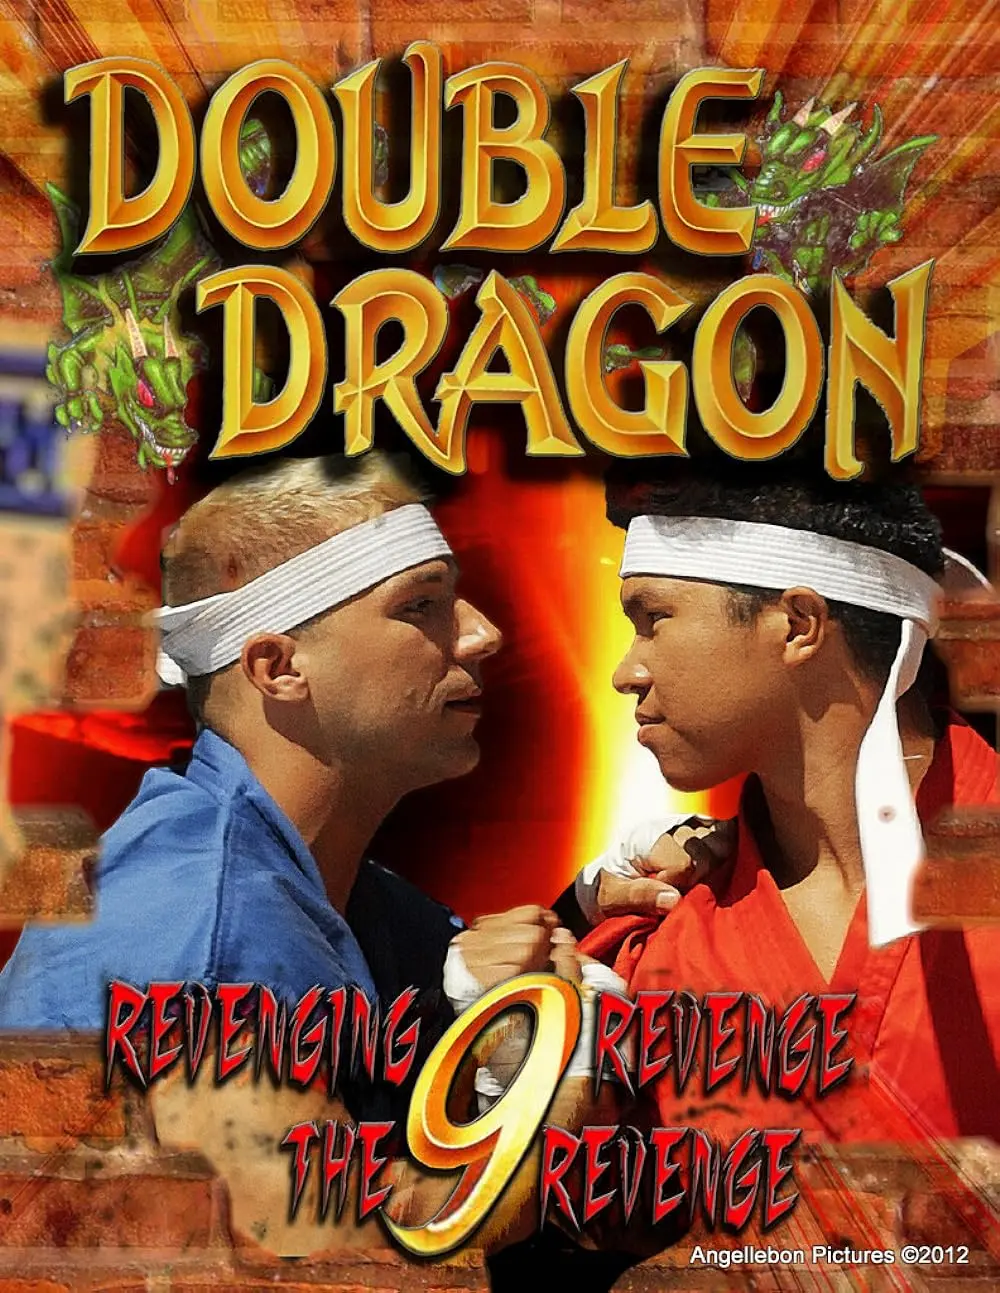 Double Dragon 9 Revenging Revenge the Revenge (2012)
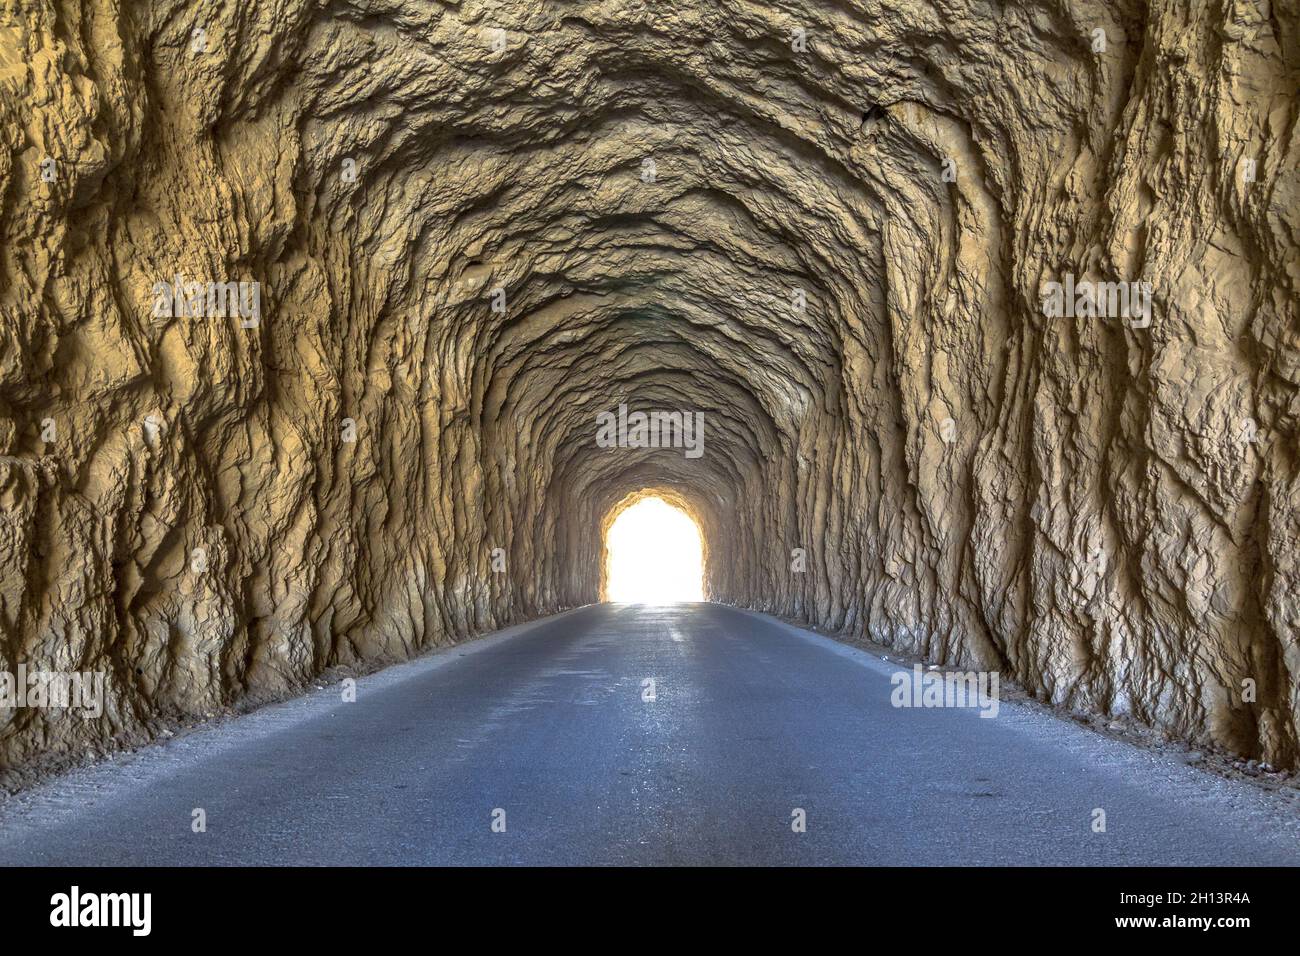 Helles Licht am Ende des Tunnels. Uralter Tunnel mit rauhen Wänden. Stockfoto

==

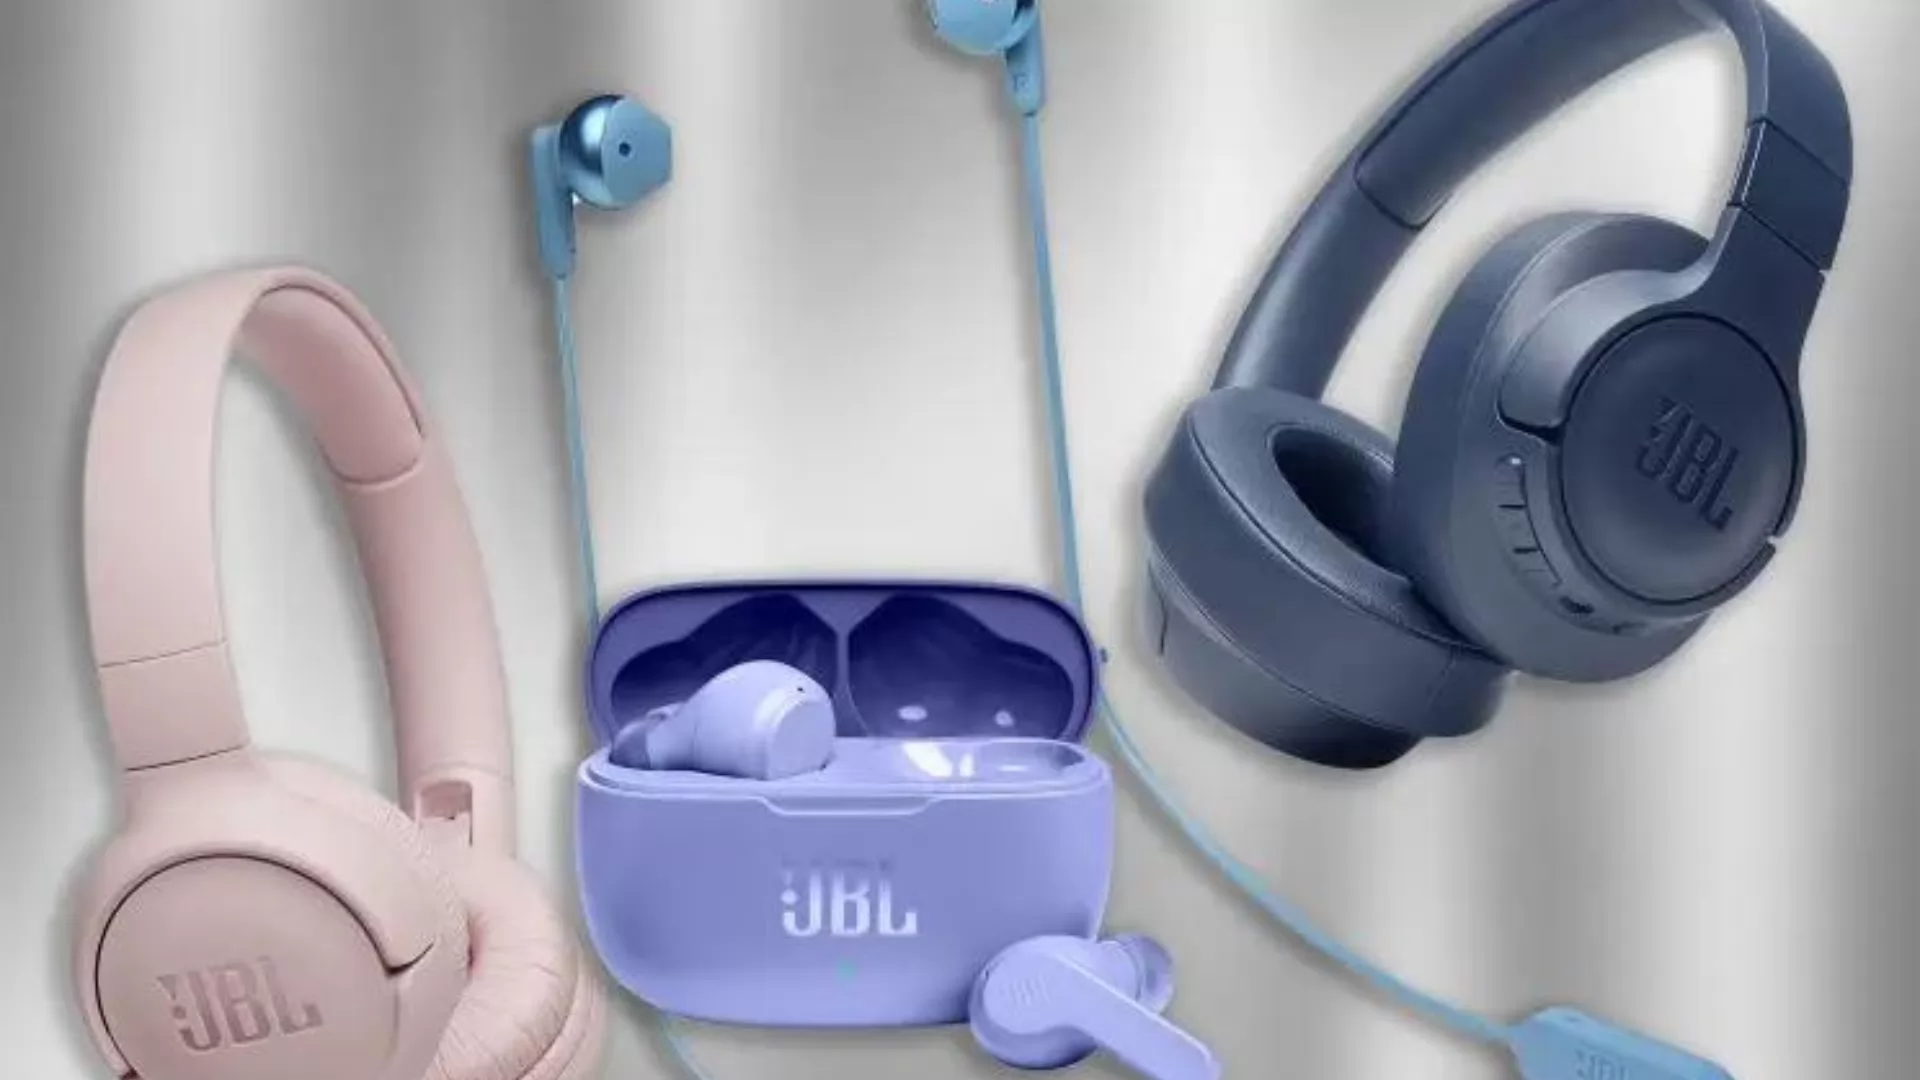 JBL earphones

* _PROBLEM TO WORK ON_:
Going by the data above, give back only the lines from the one containing "Double Dragon 9" through the one containing "Helles Licht am", exactly as they stand, both ends included and no images.

* _WRITTEN RESPONSE_:
 Double Dragon 9 Revenging Revenge the Revenge (2012)
 Helles Licht am Ende des Tunnels. Uralter Tunnel mit rauhen Wänden. Stockfoto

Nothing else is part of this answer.